In connection with our proposed plan to separate our gaming operating assets and real property assets into two publicly traded companies through a tax-free spin-off of our real estate assets to holders of our common stock, an affiliate of Fortress Investment Group, owners of approximately $975 million or 79.4% of the Preferred Stock, has entered into an agreement to exchange their Preferred Stock for non-voting common stock or equivalents at a price of $67 per share or 14.6 million non-voting common shares or equivalents. The non-voting common shares or equivalents would convert to Penn National Gaming's voting common shares upon sale to a third party. Fortress may exchange its Preferred Stock for non-voting common shares or equivalents at any time, but if Fortress does not fully exercise its exchange right prior to the spin-off, any remaining Preferred Stock will automatically be converted into non-voting common shares or equivalents. In addition, Fortress may either divest 6.7 million of its 14.6 million non-voting Penn National Gaming common shares or equivalents prior to the spin-off, or, if it does not, Penn National Gaming has the right to repurchase the undisposed share for $67 per share.

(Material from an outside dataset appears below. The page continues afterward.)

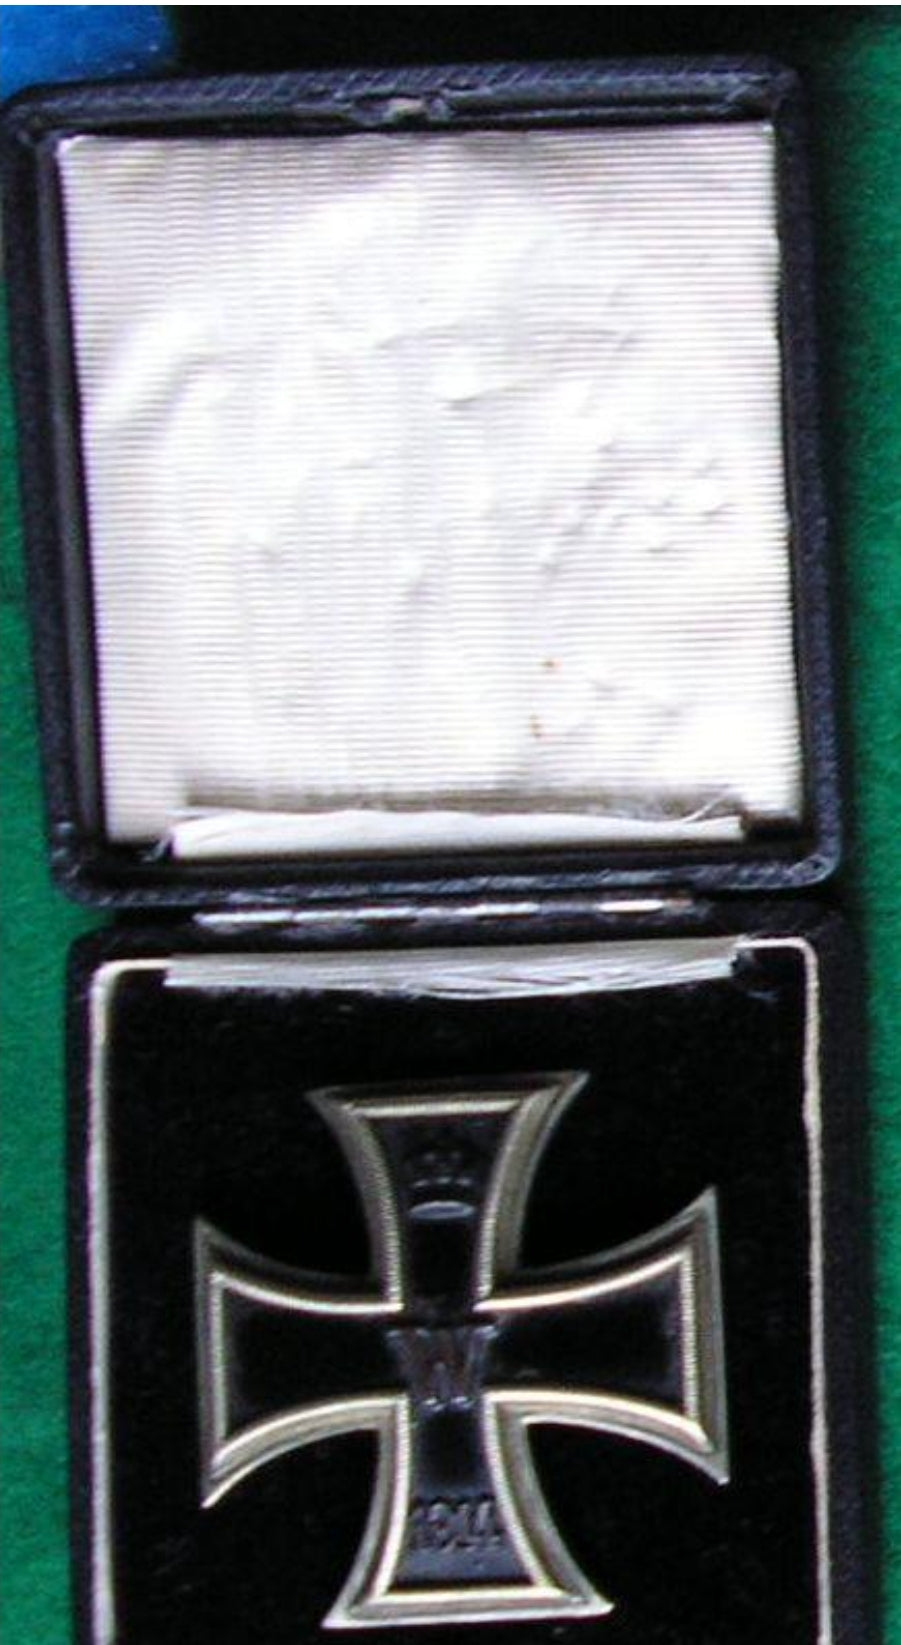 Iron Cross 1914 1st class. Pin model. In its black concession case

In addition, the Company has signed an agreement with Centerbridge Capital Partners, LP, pursuant to which the Company will repurchase their Preferred Stock at par in advance of the spin-off. The Company also expects to repurchase the Preferred Stock of the remaining preferred shareholder at, or slightly below, par.

Reconciliation of Non-GAAP Measures to GAAP

Adjusted EBITDA, or earnings before interest, taxes, stock compensation, insurance recoveries and deductible charges, depreciation and amortization, gain or loss on disposal of assets, and other income or expenses, and inclusive of gain or loss from unconsolidated affiliates, is not a measure of performance or liquidity calculated in accordance with GAAP. Adjusted EBITDA information is presented as a supplemental disclosure, as management believes that it is a widely used measure of performance in the gaming industry. In addition, management uses adjusted EBITDA as the primary measure of the operating performance of its segments, including the evaluation of operating personnel. Adjusted EBITDA should not be construed as an alternative to operating income, as an indicator of the Company's operating performance, as an alternative to cash flows from operating activities, as a measure of liquidity, or as any other measure of performance determined in accordance with GAAP. The Company has significant uses of cash flows, including capital expenditures, interest payments, taxes and debt principal repayments, which are not reflected in adjusted EBITDA. It should also be noted that other gaming companies that report adjusted EBITDA information may calculate adjusted EBITDA in a different manner than the Company. Adjusted EBITDA is presented as a supplemental disclosure, as management believes that it is a principal basis for the valuation of gaming companies, as this measure is considered by many to be a better indicator of the Company's operating results than diluted net income (loss) per GAAP. A reconciliation of the Company's adjusted EBITDA to net income (loss) per GAAP, as well as the Company's adjusted EBITDA to income (loss) from operations per GAAP, is included in the accompanying financial schedules.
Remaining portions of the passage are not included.